WARN fs.FileSystem: Failed to initialize fileystem abfss://[email protected]/: Configuration property accountName.dfs.core.windows.net not found

注意：

pyspark read和在设置Spark Conf（）之后，写信给此ADLSGEN2容器正常工作。问题只有当我使用-fs命令尝试时，我最终也想与pyspark一起使用distcpy（）。
我没有在core site.xml上配置任何内容。相反，我想在程序或脚本上下文中独立传递所有键，参数和任何设置，甚至在bash上。寻找符合此标准的解决方案。
另外，由于我只是在运行POC，因此不要为此使用OAuth。目前，我只想使用共享键进行测试检查。

有人可以帮我在这里确定这个问题吗？

原文

I basically want to list files under an ADLS Gen 2 Container using hadoop fs -ls from a standalone on-prem Cloudera Cluster.

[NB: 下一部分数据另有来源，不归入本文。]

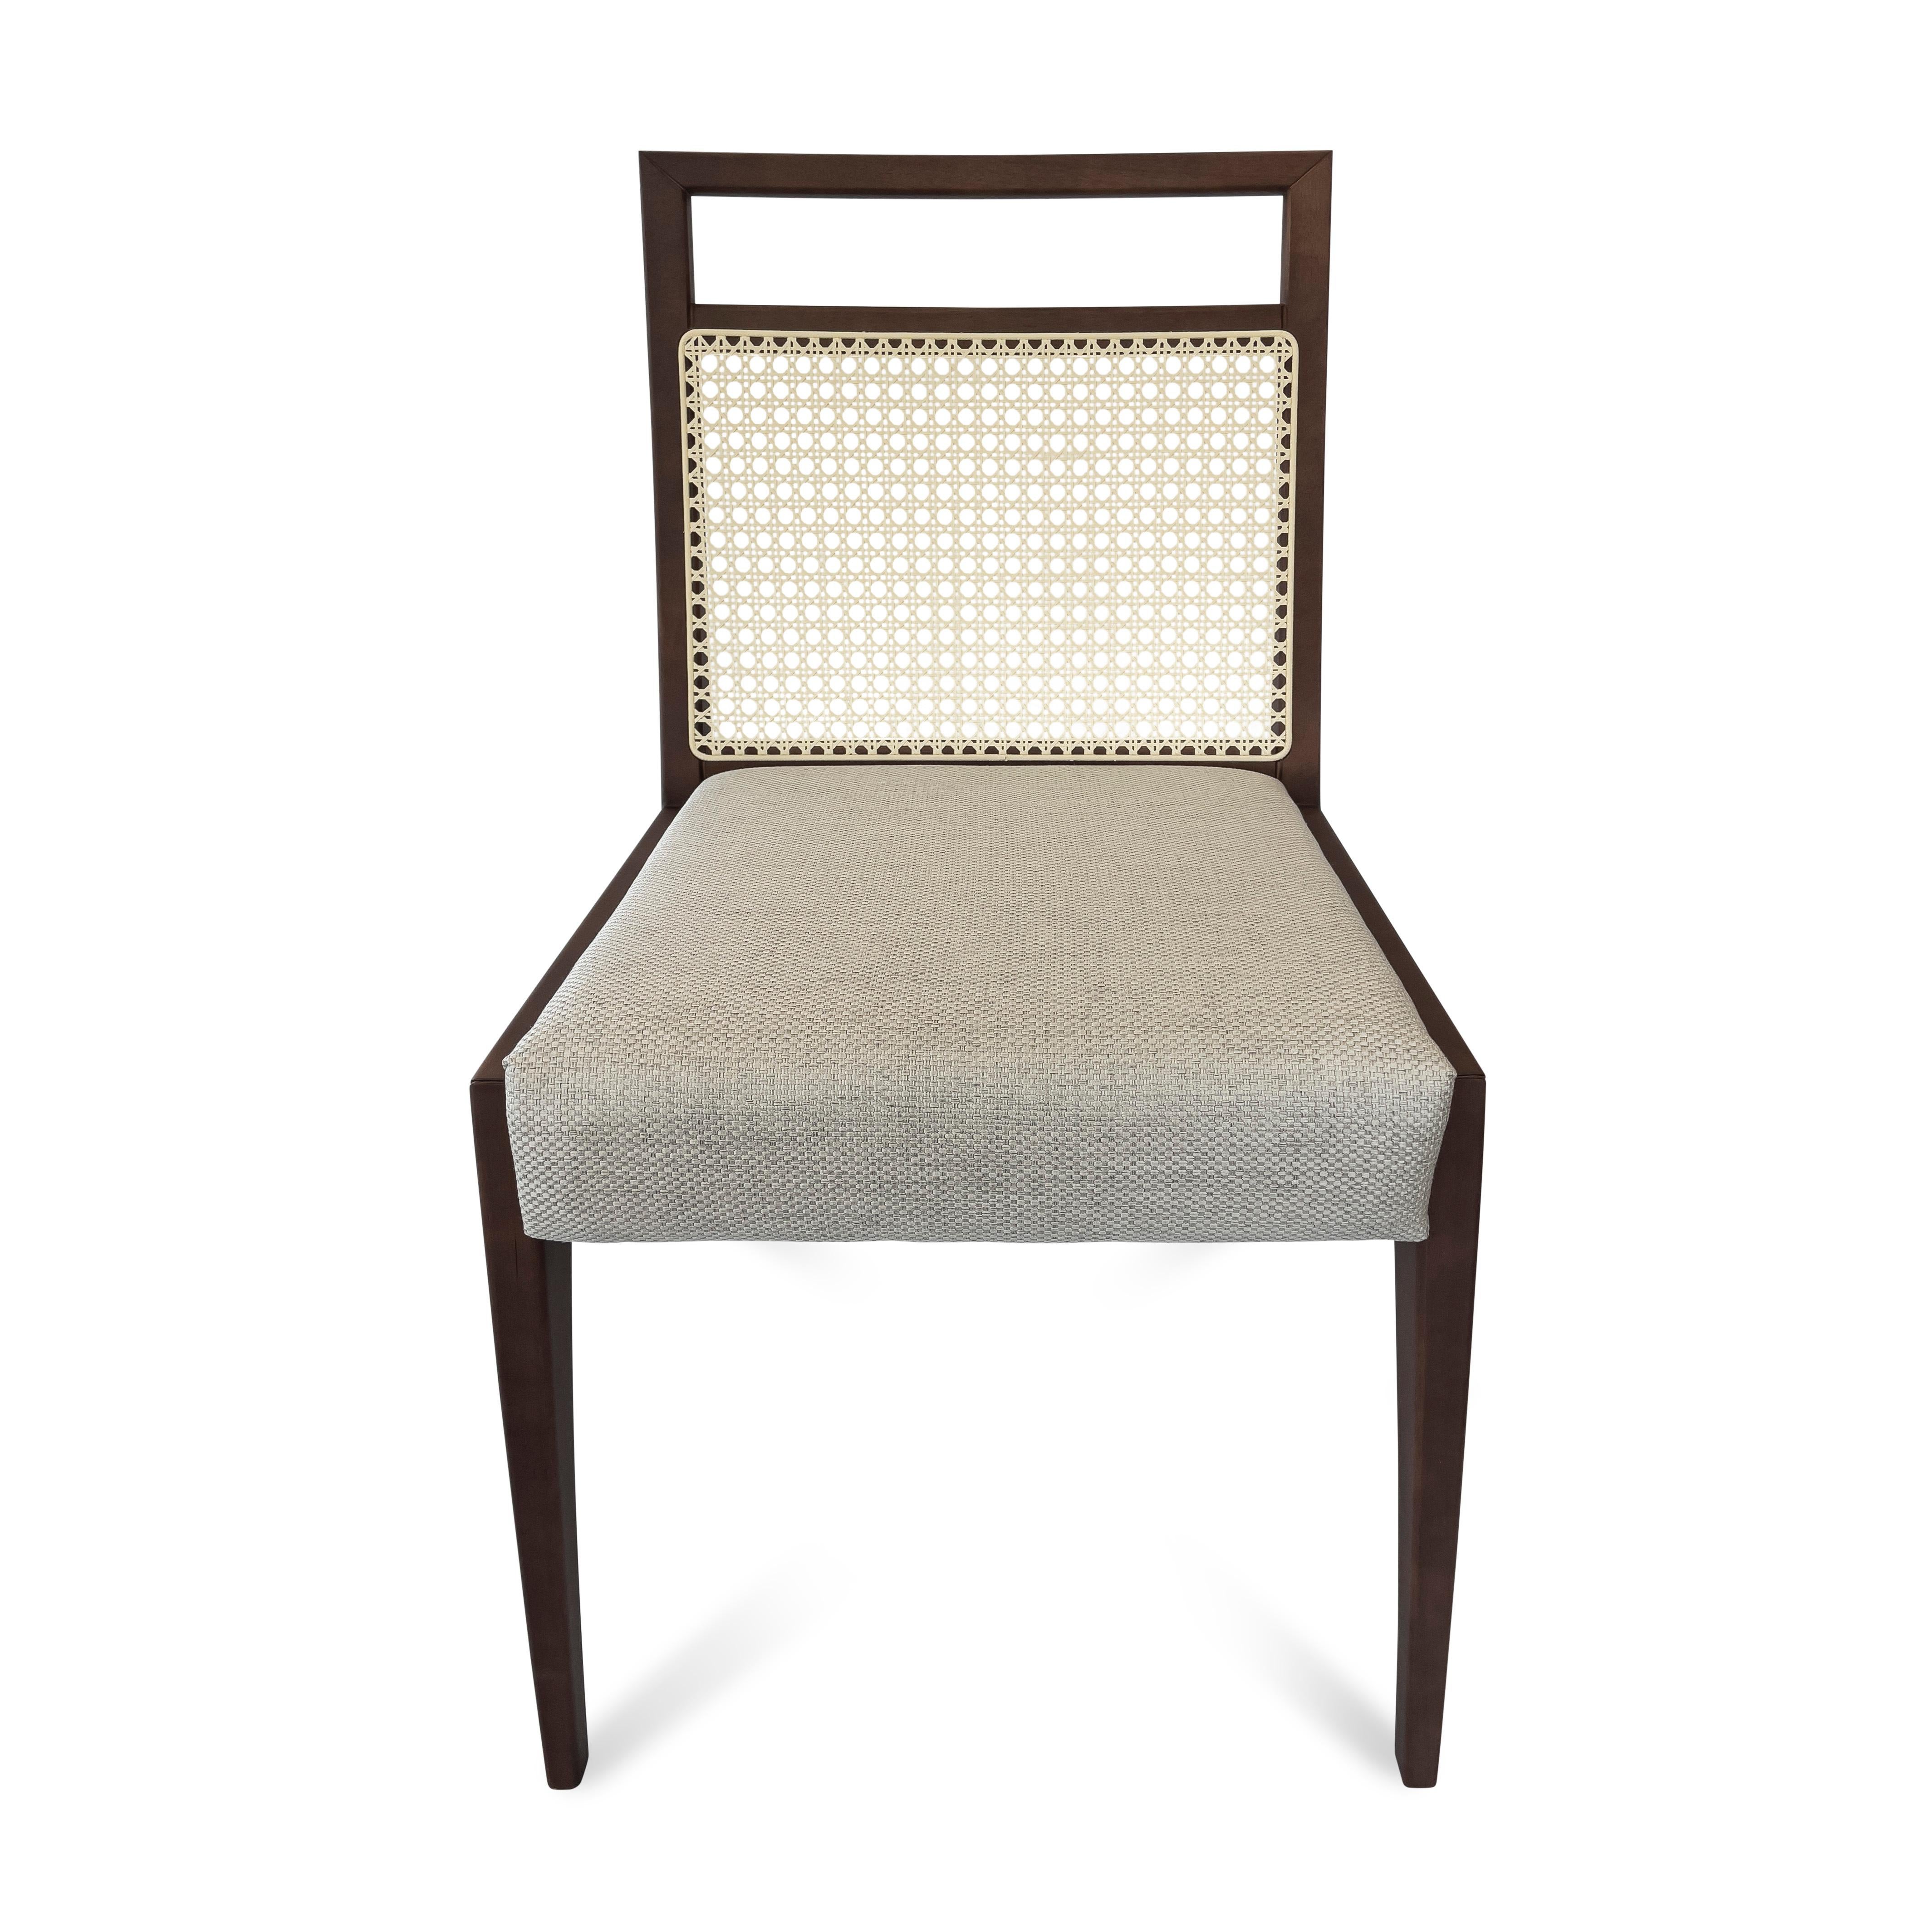 Putting a lot of effort our amazing Uultis team has created the Sotto dining chair, thinking of every possible detail like the cane back that just blends perfectly with the walnut wood finish and the oatmeal fabric. This pair of chairs are beautiful

However I am getting this error:

Command ran from bash:

hadoop fs -Dfs.azure.account.key.accountName.dfs.core.windows.net="accessKey" -Dfs.azure.createRemoteFileSystemDuringInitialization=true -ls abfss://[email protected]/

Error:

WARN fs.FileSystem: Failed to initialize fileystem abfss://[email protected]/:Invalid configuration value detected for fs.azure.account.key ls: Invalid configuration value detected for fs.azure.account.key

Then, I ran this same fs -ls command from within a spark program by configuring:

sc._jsc.hadoopConfiguration().set('fs.azure.account.auth.type.accountName.dfs.core.windows.net','SharedKey')
sc._jsc.hadoopConfiguration().set('fs.azure.account.key.accountName.core.windows.net','accessKey')
sc._jsc.hadoopConfiguration().set('fs.abfss.impl','org.apache.hadoop.fs.azurebfs.SecureAzureBlobFileSystem')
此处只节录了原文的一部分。